(CRPS 1)

Complex Regional Pain Syndromes type 1 and 2 represent regional pain disorders not limited to the site of injury, with the following features:

1. Pain greater than might be expected from the original injury
2. Altered blood flow, localized edema, skin and hair changes
3. The pain itself may be burning or electrical in nature and is usually non-dermatomal due to hyperalgesia. Allodynia is often present.

The distinction between CRPS 1 and CRPS 2 is made by the specific neural mechanism of injury. CRPS 1 patients have the involvement of the Sympathetic Nervous System, while CRPS 2 patients have involvement of a specific injured Nerve. Both syndromes exhibit pain beyond the distribution of the original injury.

CRPS 1 patients were formerly diagnosed with Reflex Sympathetic Dystrophy. This was a misnomer as the condition did not involve reflexes or dystrophy. The current terminology was developed in 1994 by the International Association for the Study of Pain (IASP).
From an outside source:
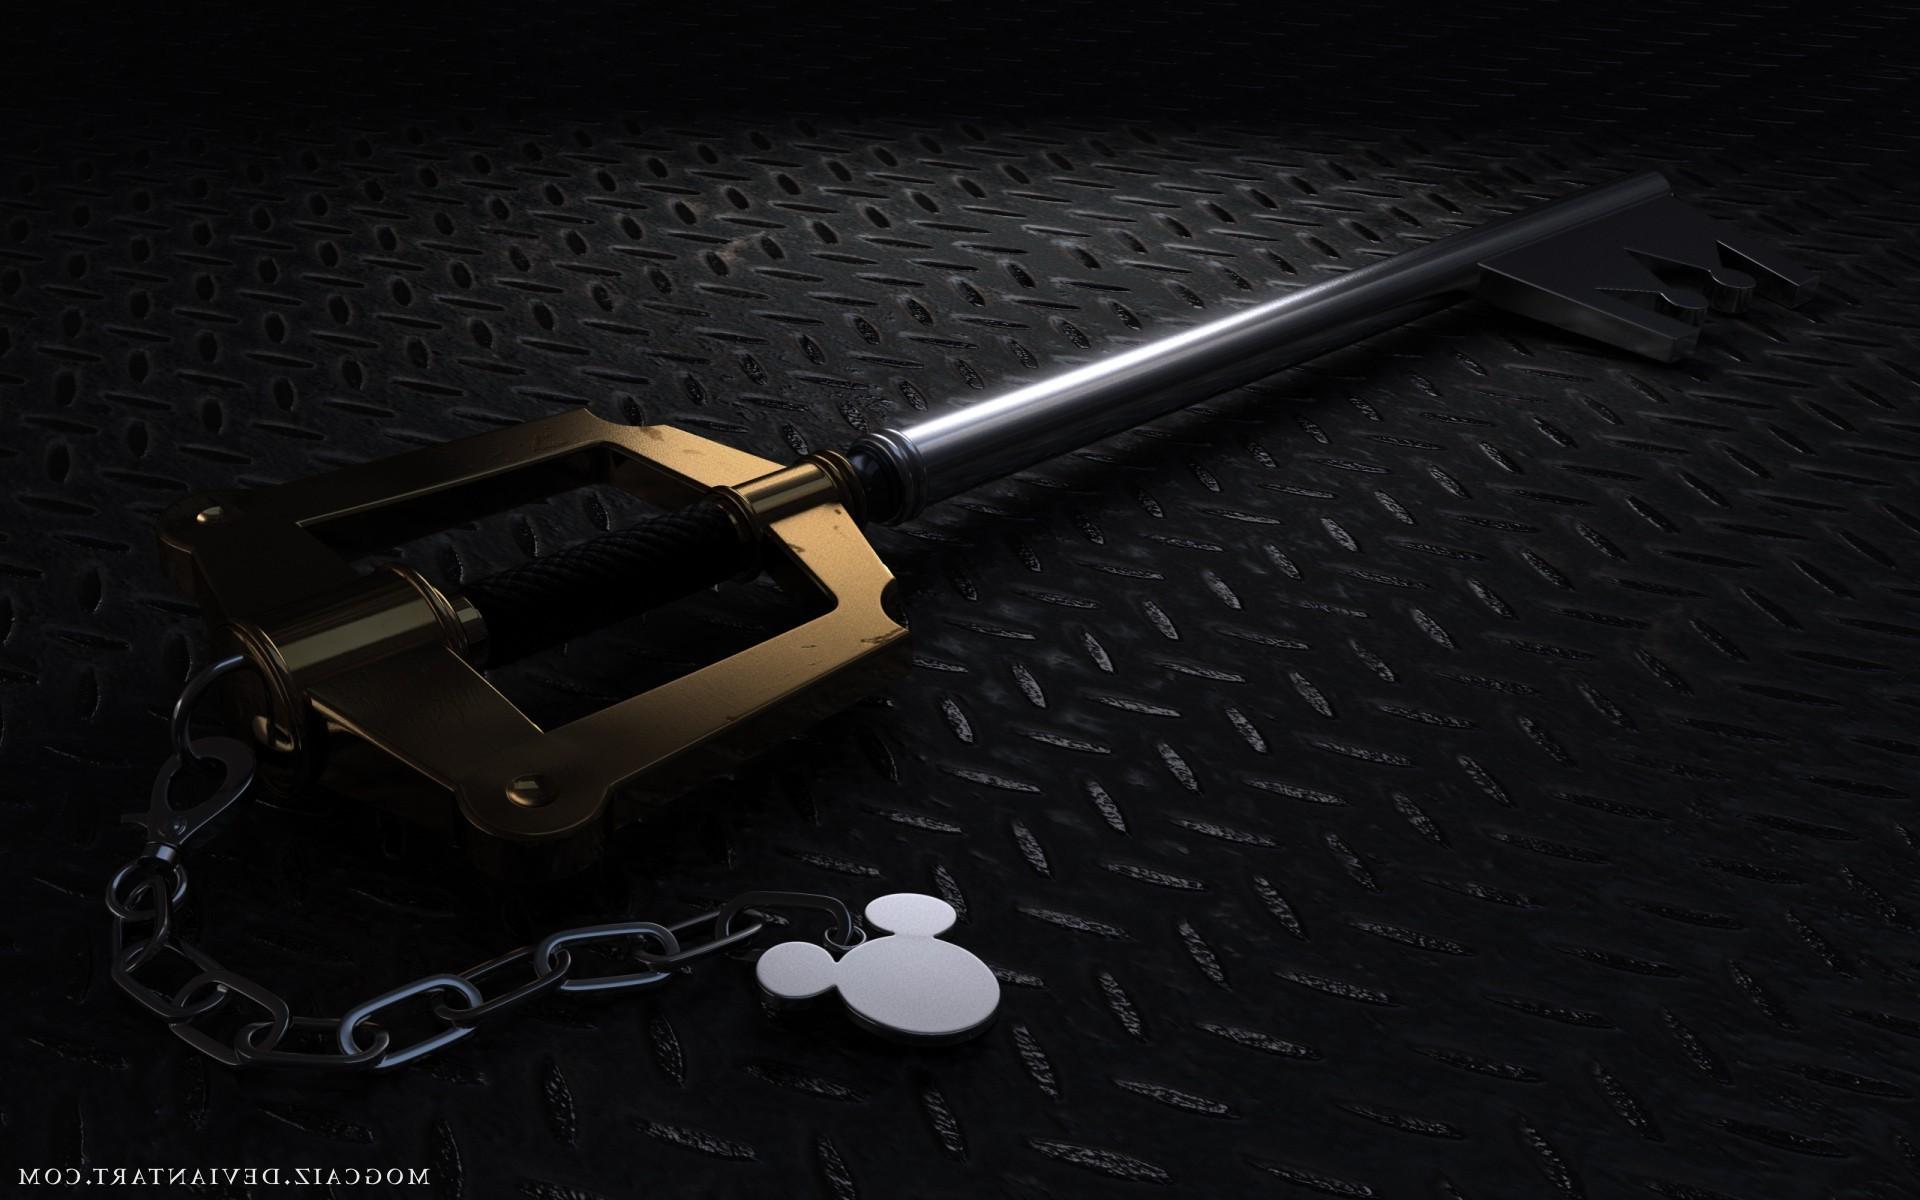 Kingdom Hearts Keyblade Wallpaper

Typically CRPS 1 patients go for years without a proper diagnosis. Although the classic case shows immobilization and guarding of an extremity, with mottling of the skin, change in temperature, edema, allodynia and dysesthesia, many cases present with variations of this theme and can involve any or all of the extremities and even trunk or neck pain. People with these conditions are aften misdiagnosed with psychogenic pain disorders because of the non-dermatomal nature of their pain and the severe psychological distress it engenders.

On an anatomical and physiological basis it appears that there are several processes occurring. One involves central sympathetic coupling with Wide Dynamic Range (WDR) Neurons in the Dorsal Horn serving to link the Dorsal Horn Nuclei with Sympathetic Nuclei. Increased activity of Sympathetic Efferents only tells part of the story. There is also an increase in Catecholamine sensitivity at the site of the injury. Additionally the sustained pain from the sensitization of Dorsal Root Ganglion Cells may trigger increased release of epinephrine systemically and in the local area of injury.

The best treatment for CRPS 1 is mobilization to the affected extremity(ies). Pain control with anticonvulsants (Gabapentin, Carbemazepine, Lamotrigine, Topramax), Tricyclic Analgesics (Nortriptyline, Desipramine, Amitriptyline), Long Acting Opioids (MS Contin, Oramorph, Kadian, OxyContin, Duragesic, Methadone), Alpha 1 Blockers (Phenoxybenzamine, Terazocin), Alpha 2 agonists (Clonidine), Sodium Channel Blockers (LIdocaine, Mexilletine, Amantadine, Ketamine) and Calcium Channel Blockers (Verapamil, Ditelizem, Niphedipine) may help individually or in combination. Local Sympathetic Blocks of specific regional ganglia may be very helpful, especially if the condition is caught in the acute phase. These may be done without steriods and are often tried as a series of blocks every day or every other day. At times a constant infusion with a catheter may be necessary. Spinal Cord Stimulators can be highly effective. Intrathecal pumps are useful in delivering opioids in combination with Sodium Channel Blockers (Bupivacaine), Antispasmodics (Baclofen), or Alpha 2 agonists (Clonidine).